• Dataset content:
╔══
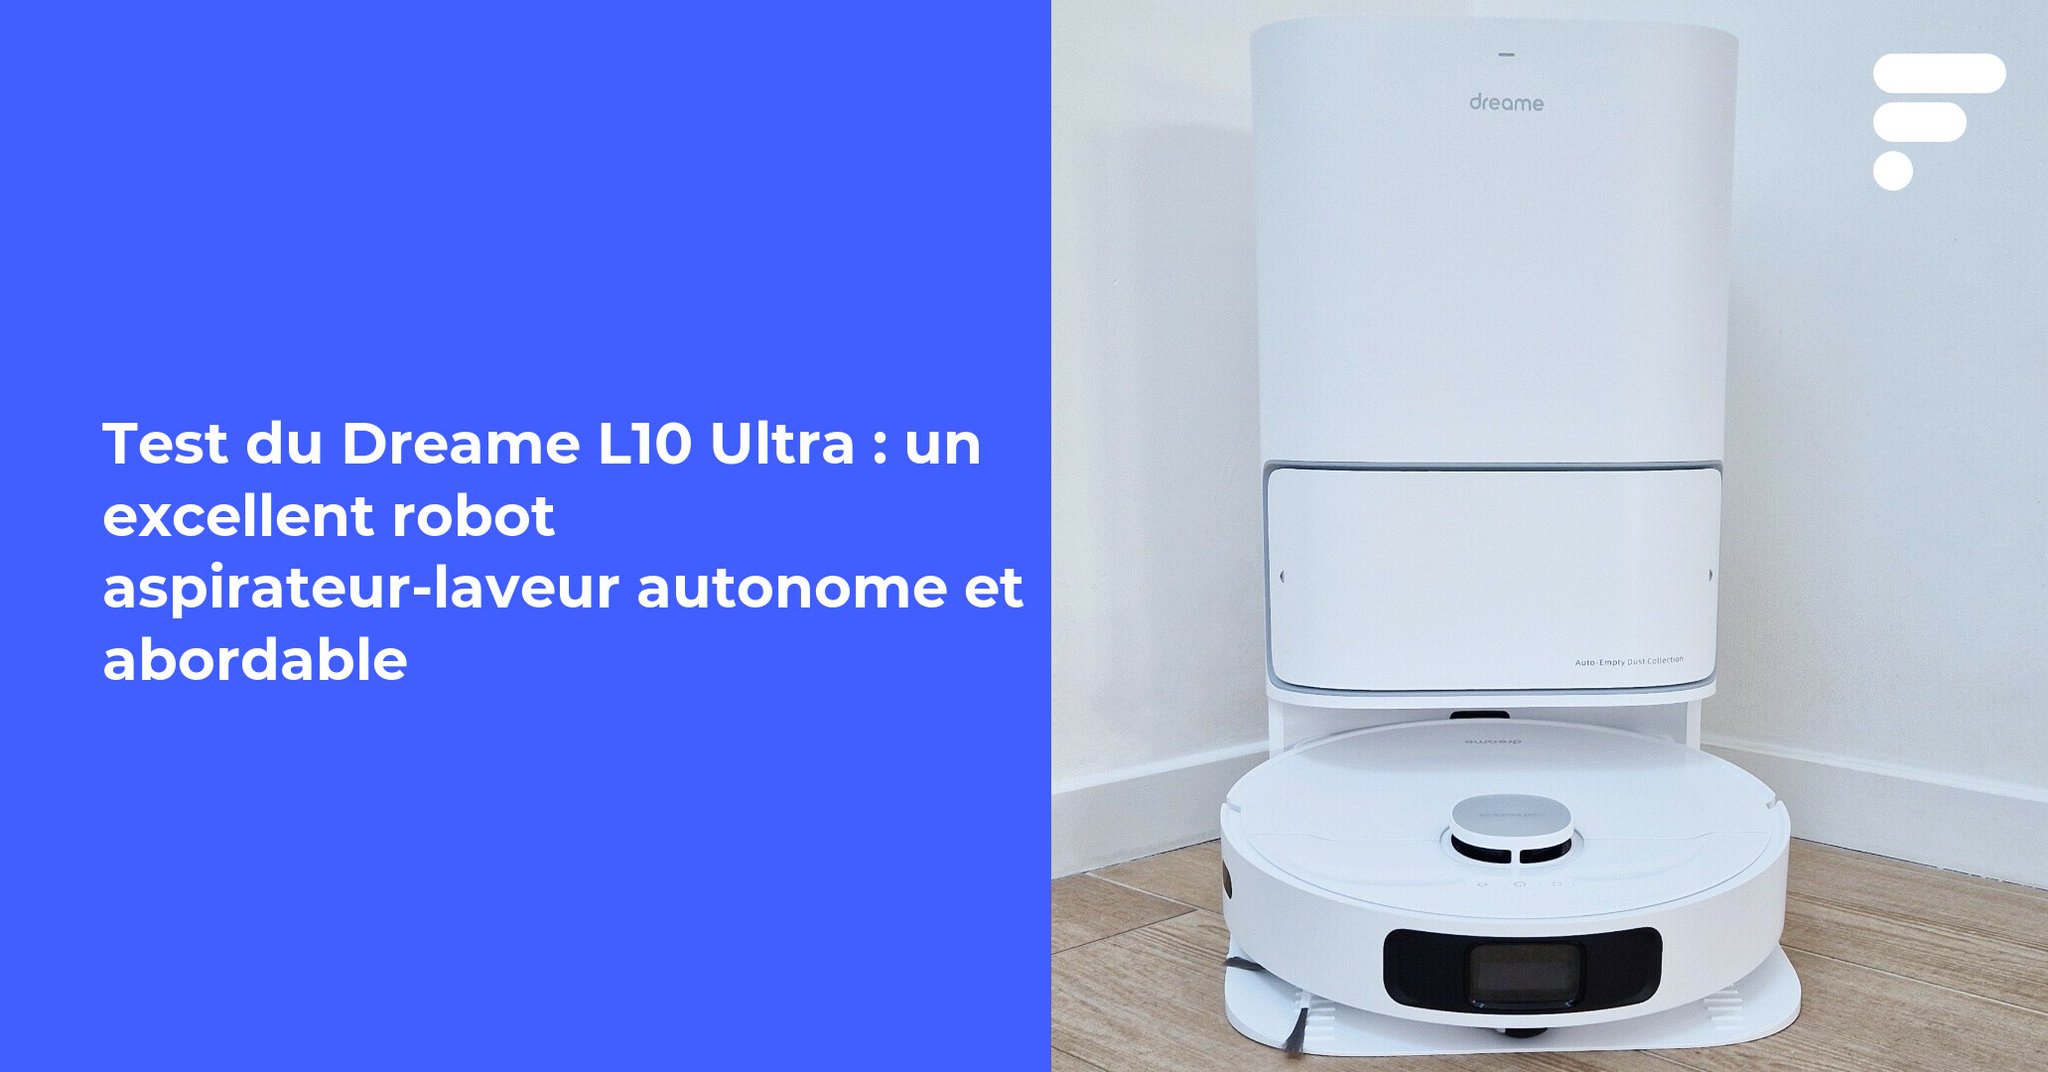 Frandroid on X: Test du Dreame L10 Ultra : un excellent robot aspirateur- laveur autonome et abordable 👉    / X
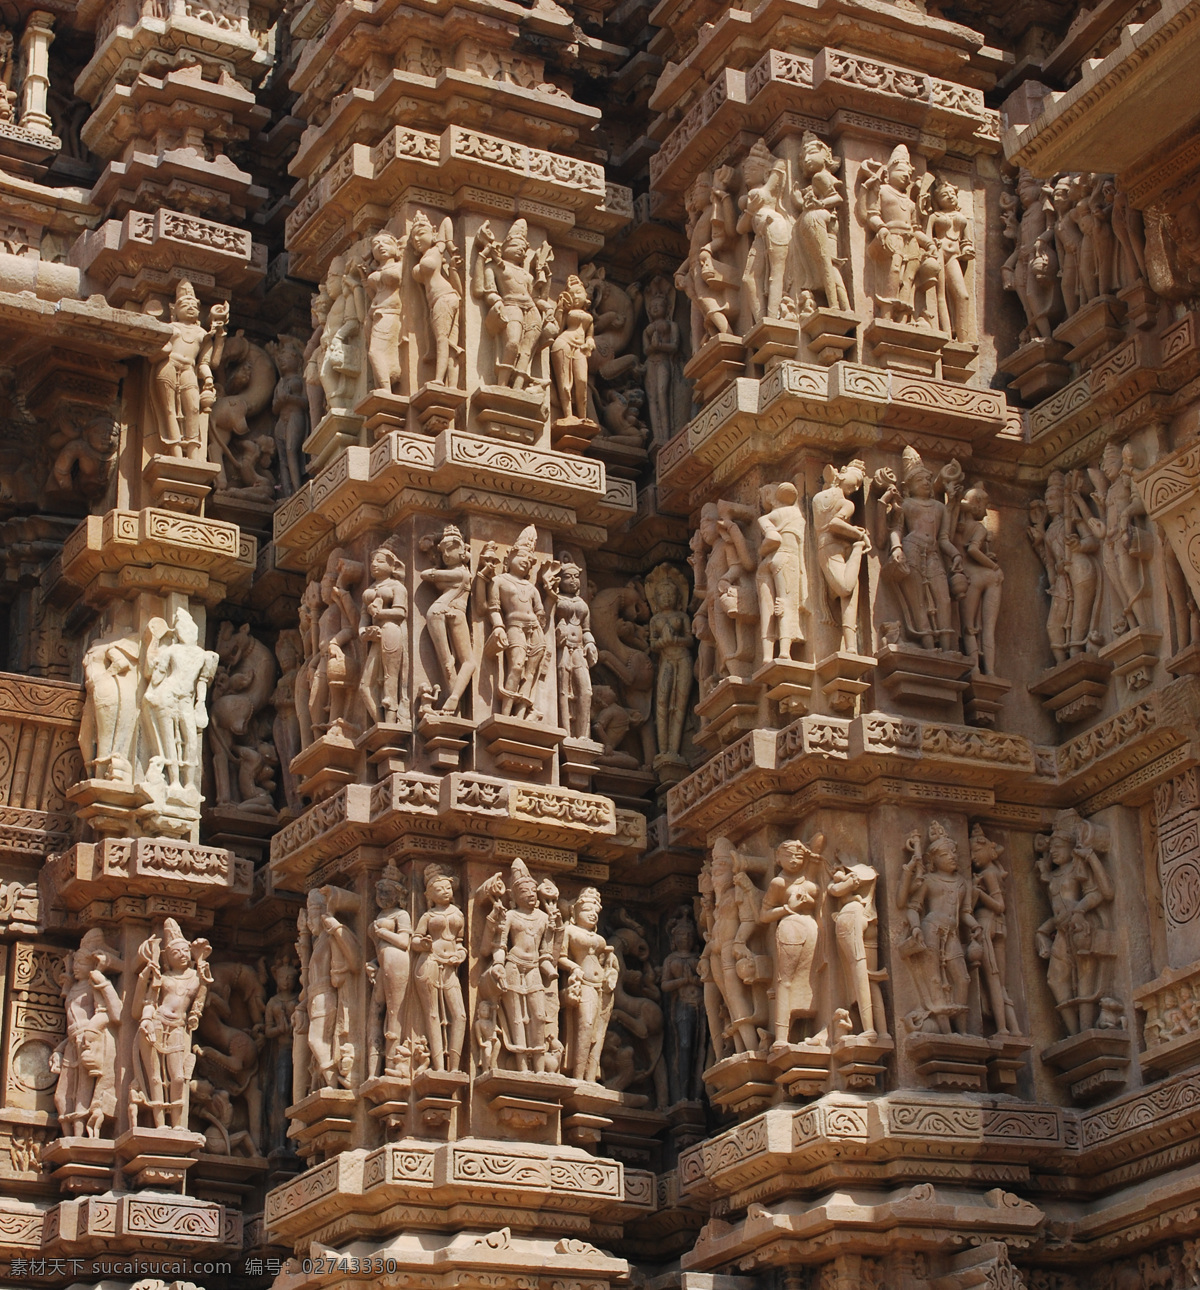 印度 雕刻 人物 建筑设计 印度中央邦 印度教堂 庙宇 雕刻建筑 名胜古迹 古老建筑 著名建筑 旅游景区 环境家居 黑色
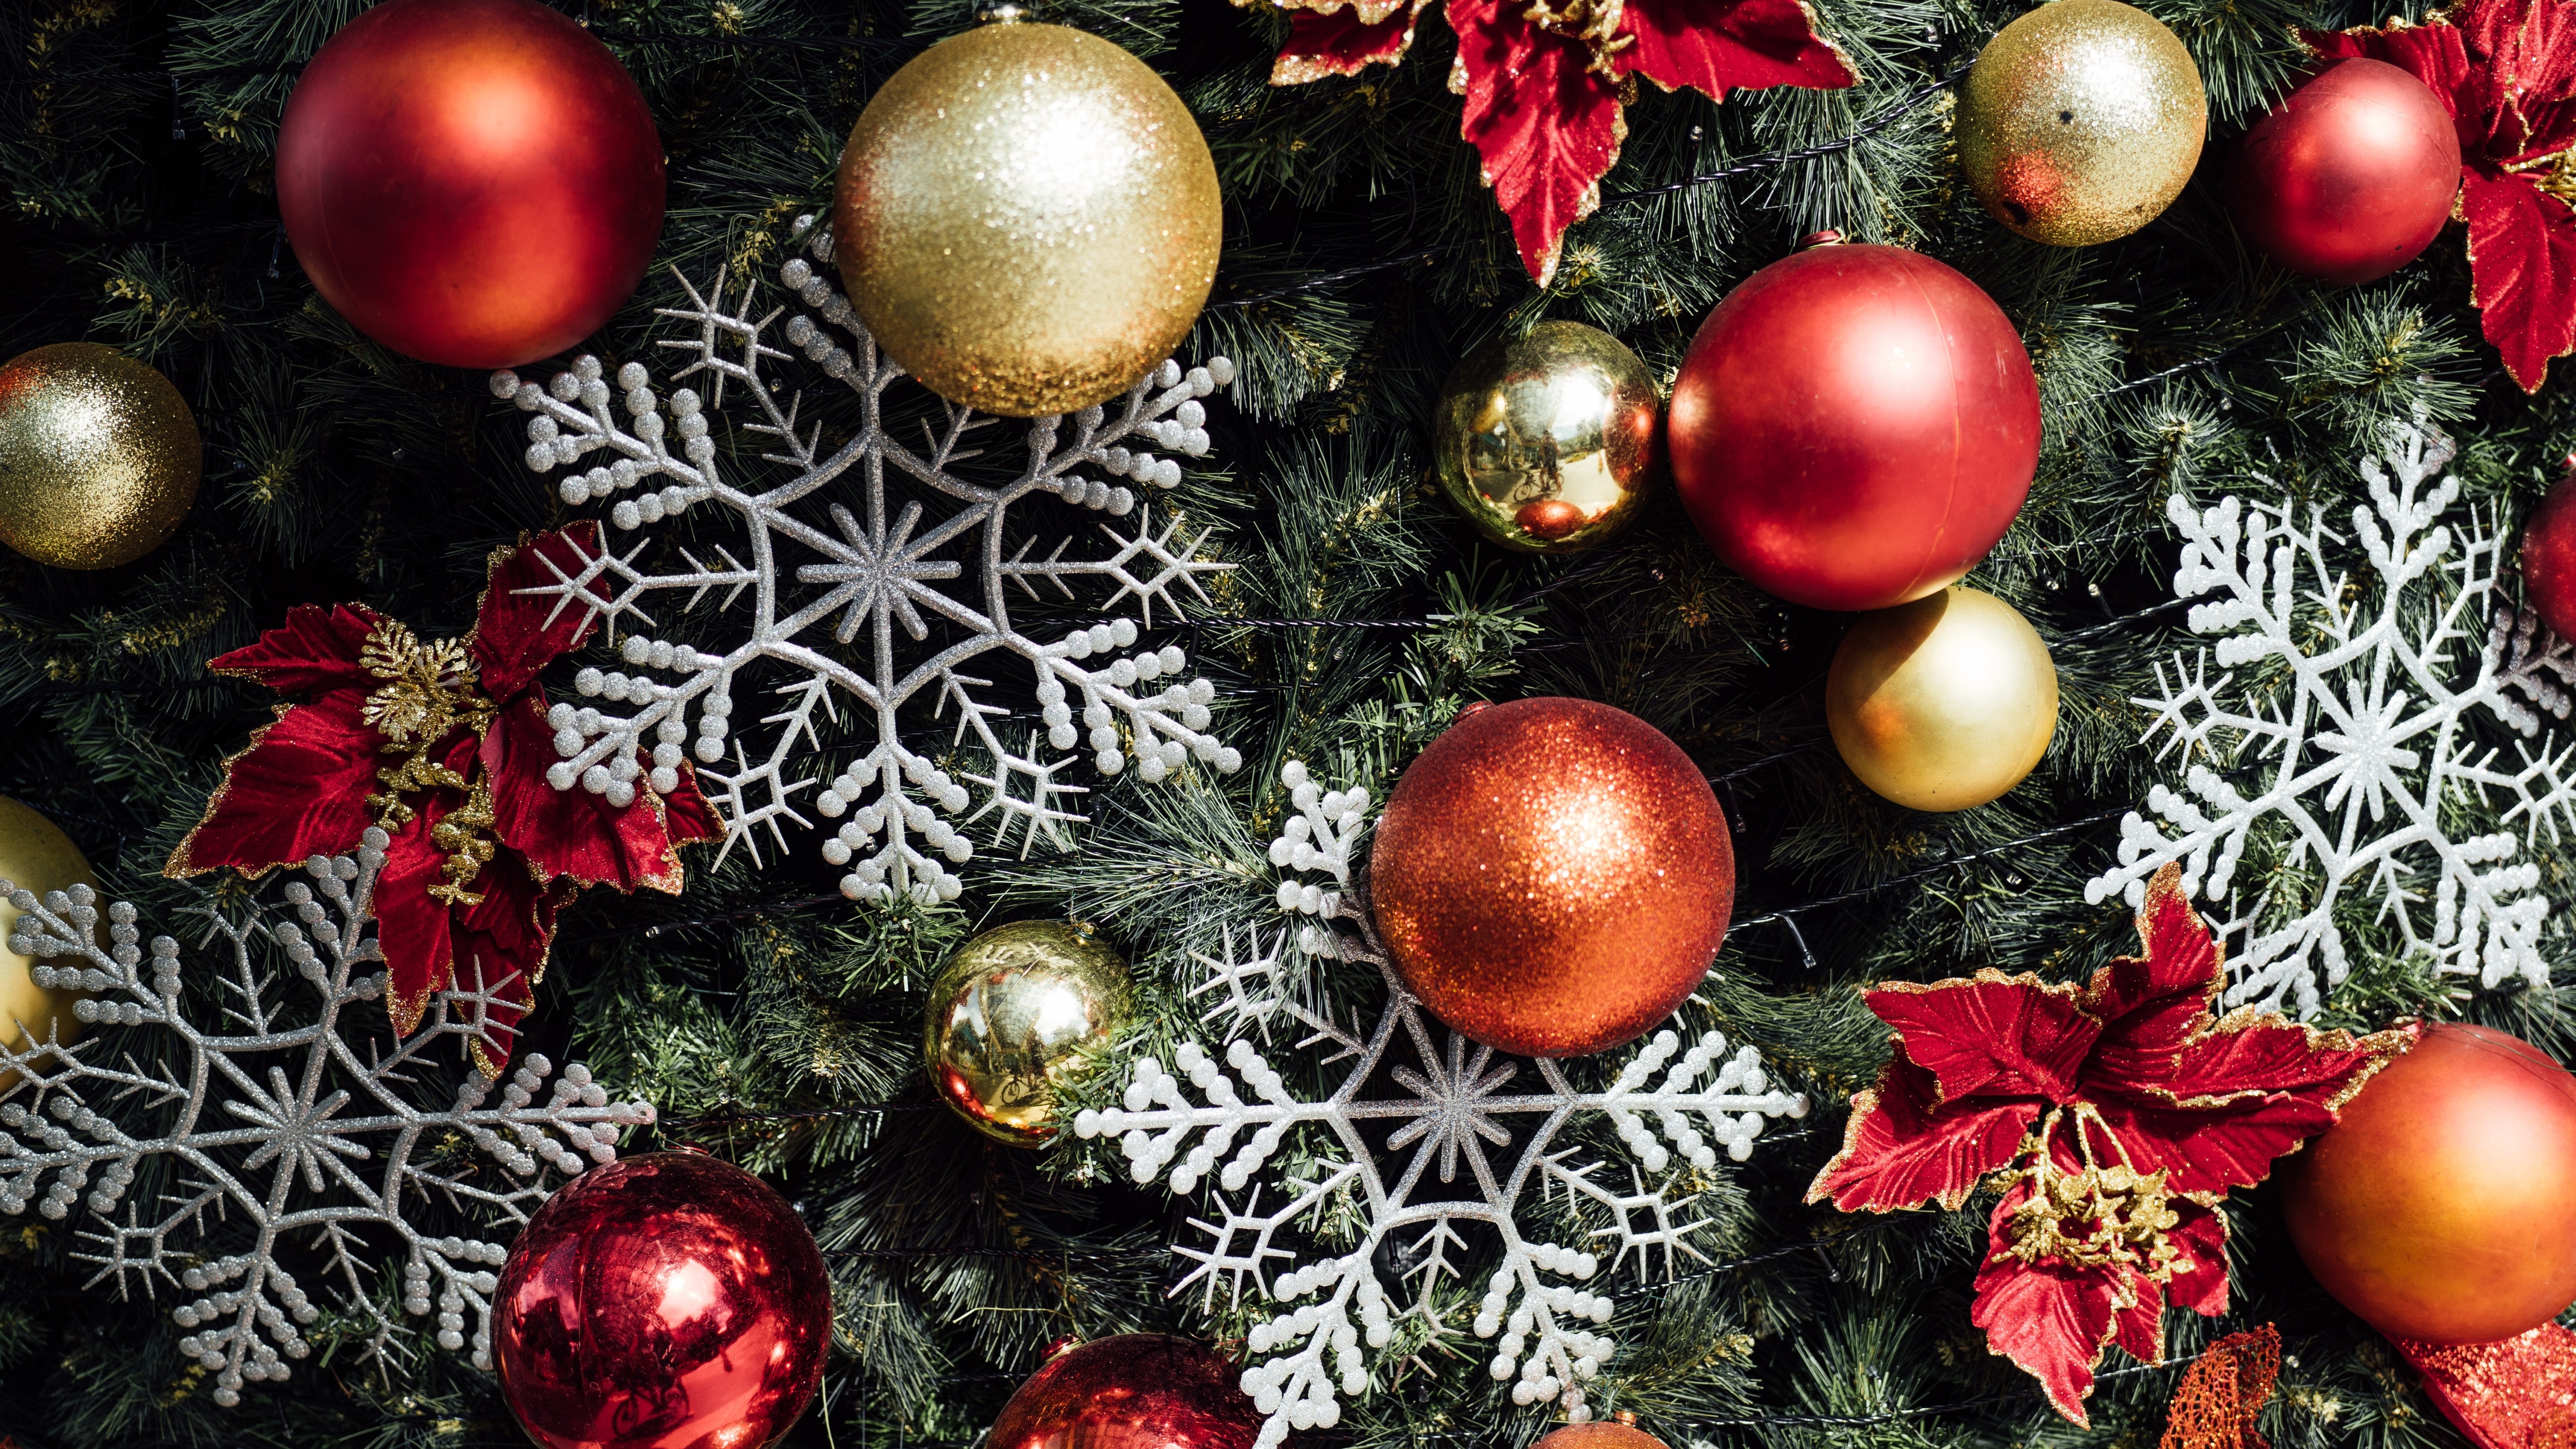 Trang trí đèn Noel của bạn sẽ trở nên thật sự nổi bật với hình ảnh trang trí Noel chất lượng cao 4K. Với bầu không khí mùa giáng sinh đầy ấm áp và tình cảm, hình ảnh này sẽ khiến bạn thích thú với việc trang trí nhà cửa cho mùa lễ hội sắp tới.
╚══
Without the pictures, write out the listing exactly as it appears above.

 Frandroid on X: Test du Dreame L10 Ultra : un excellent robot aspirateur- laveur autonome et abordable 👉    / X
 印度 雕刻 人物 建筑设计 印度中央邦 印度教堂 庙宇 雕刻建筑 名胜古迹 古老建筑 著名建筑 旅游景区 环境家居 黑色
 Trang trí đèn Noel của bạn sẽ trở nên thật sự nổi bật với hình ảnh trang trí Noel chất lượng cao 4K. Với bầu không khí mùa giáng sinh đầy ấm áp và tình cảm, hình ảnh này sẽ khiến bạn thích thú với việc trang trí nhà cửa cho mùa lễ hội sắp tới.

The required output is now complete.